# General Cooking & Miscellaneous



## Lytle (Nov 6, 2008)

I noticed you guys move a lot of threads out of General Cooking, I think its because its not defined well enough. My thread about potlucks just got moved, but by the definitions thats where it belongs. I thought about it for a minute wondering if it should go in there or miscallaneous, but General cooking says to post QUESTIONS about cooking that dont fit anywhere else, where Miscallaneous says post RECIPES that dont belong anywhere else. When I look at the topics in there it seems almost opposite to what the definitions are but pretty much the same idea. Why not just merge the 2 together so you wont have to move so many threads out of general cooking? Its basically the same thing anyway - things that dont belong anywhere else. Anyway, just a thought.


----------



## Michael in FtW (Nov 6, 2008)

Thanks for bringing this to our attention, Lytle. Some verbage is left over from 2004/2005 when we revamped DC - and we may need to tighten our definitions.

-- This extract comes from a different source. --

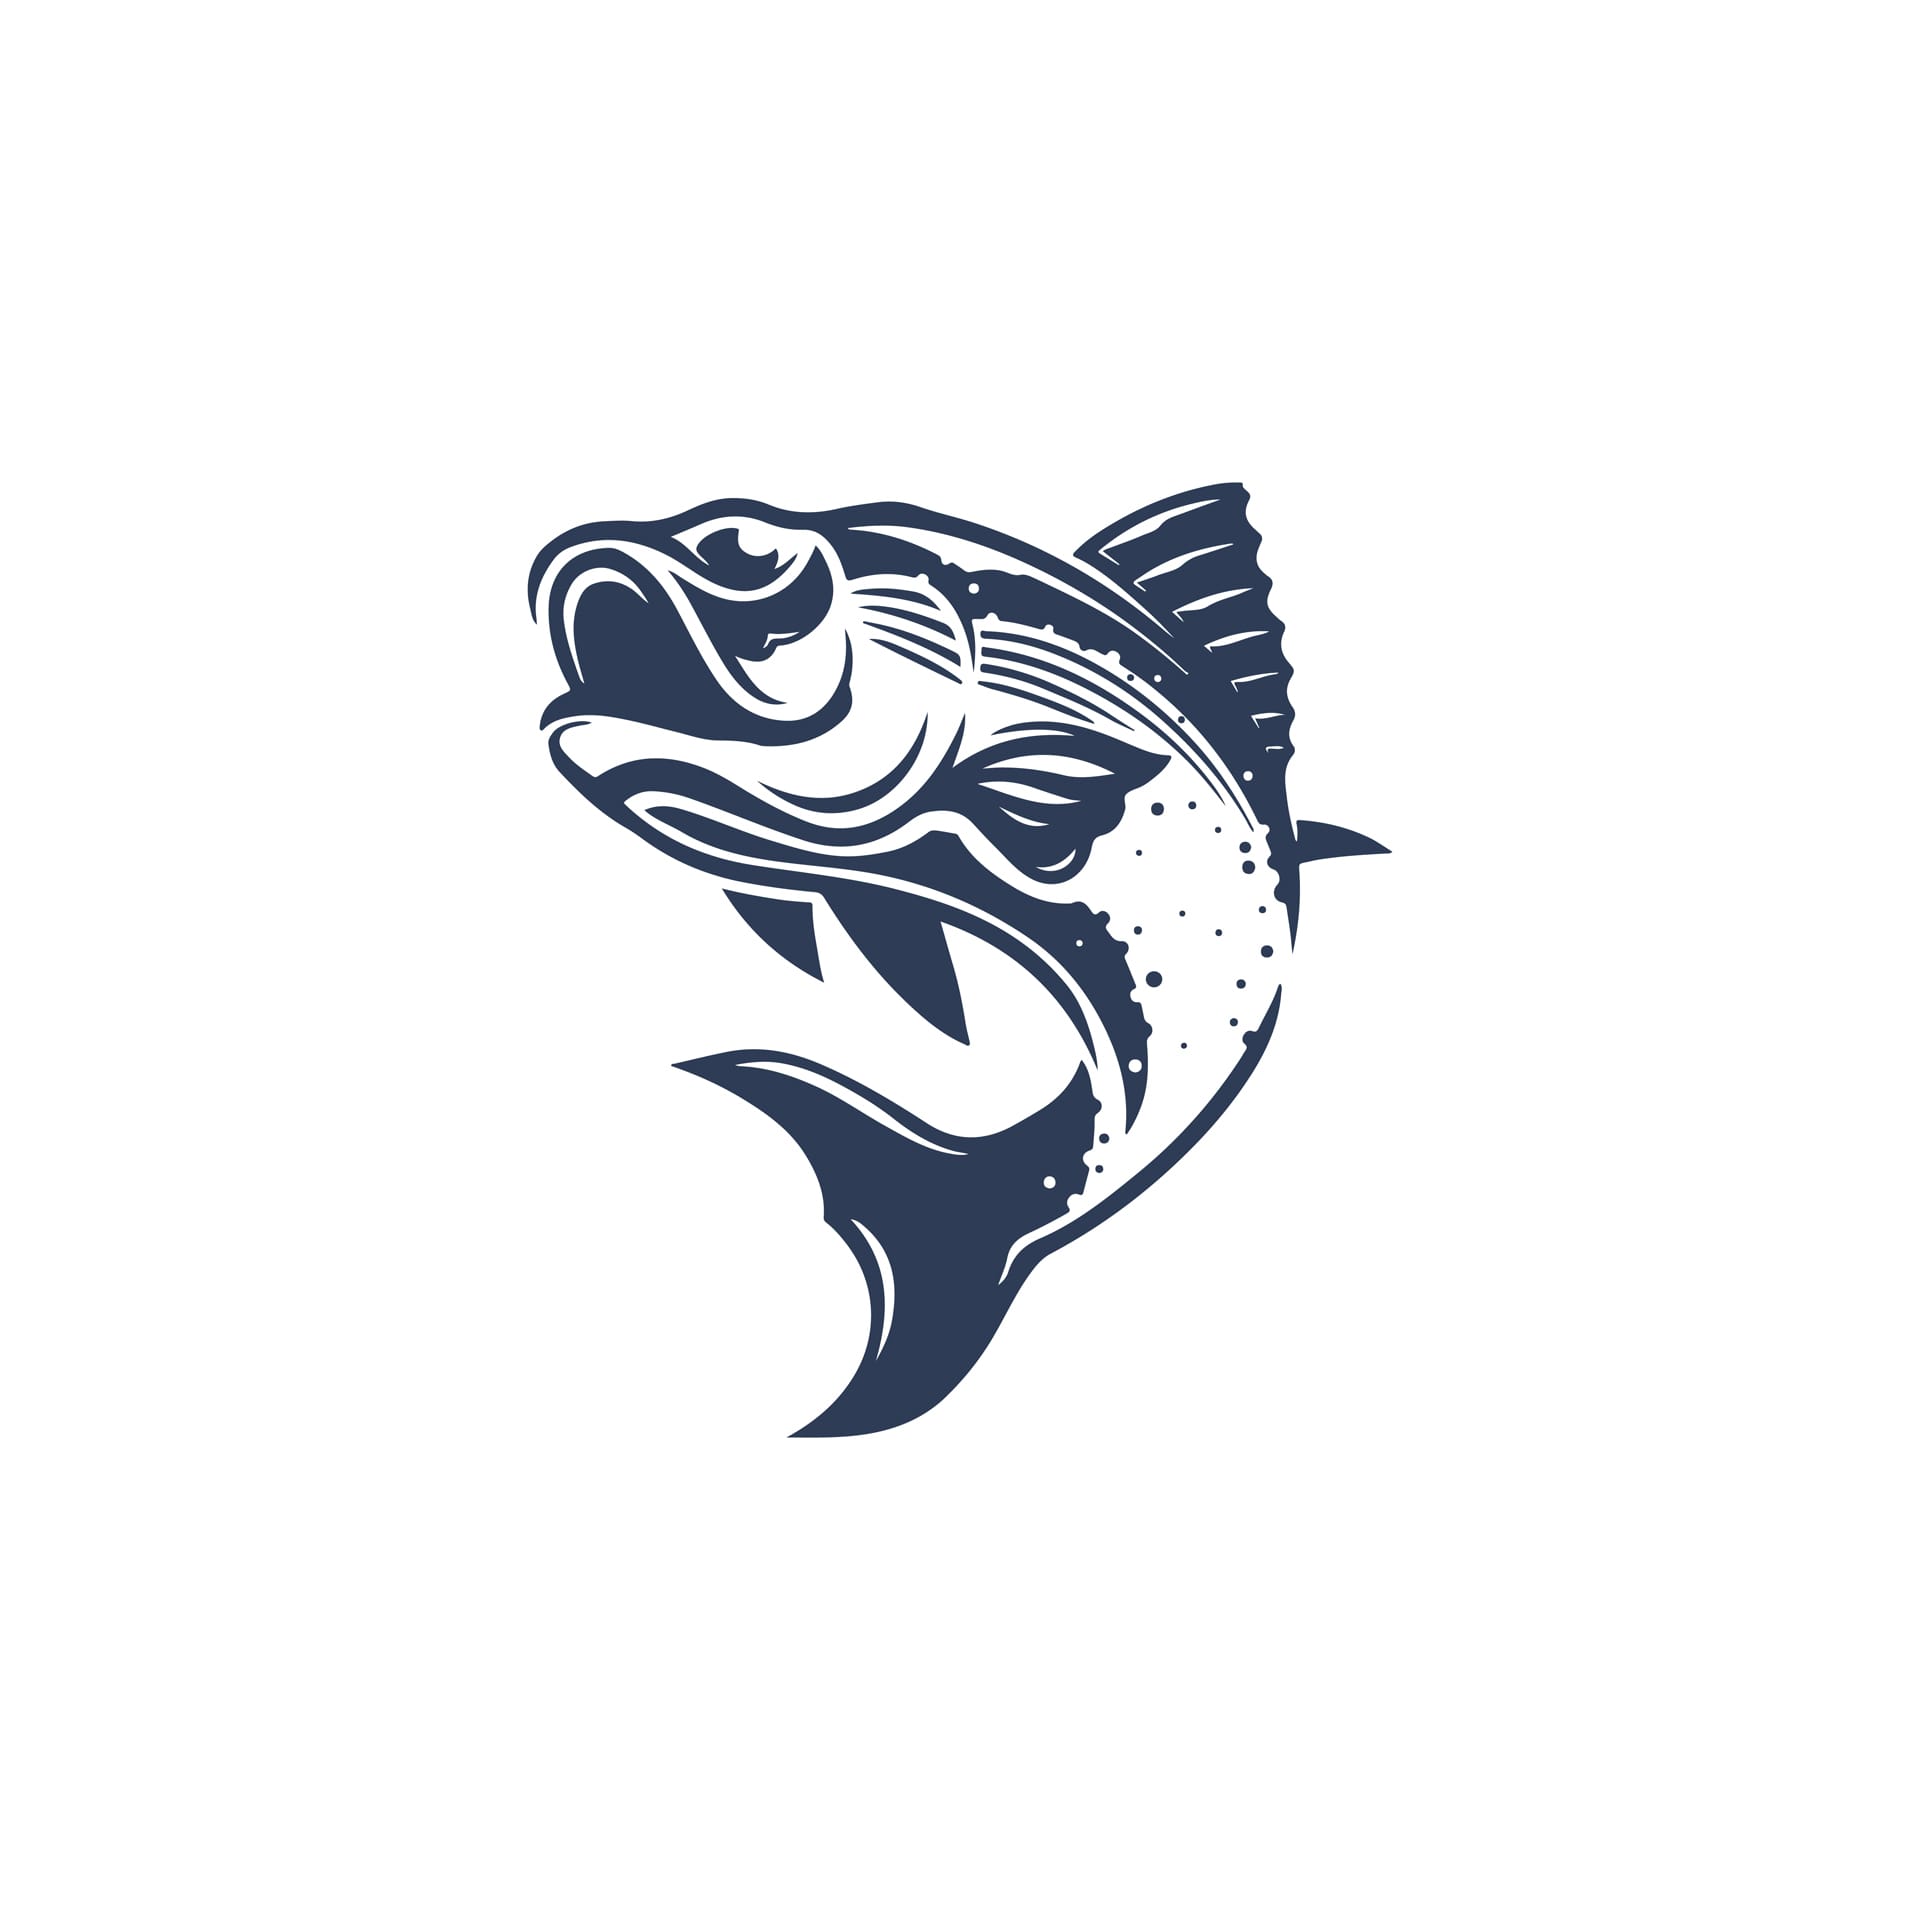 Fishing fish water logo vintage design

Since your thread on "potlucks" is about an "event" and not a real cooking question - I have moved it to our Special Events & Planning forum for you.


----------



## Lytle (Nov 7, 2008)

Cool I never noticed that forum before, put it where I did cause it was a question, not something I needed to know just a question to spark discussion. Not really worried about where my post was though, just trying to help yas clean up cause I noticed those 2 forums had an incredible amount of moved posts.


----------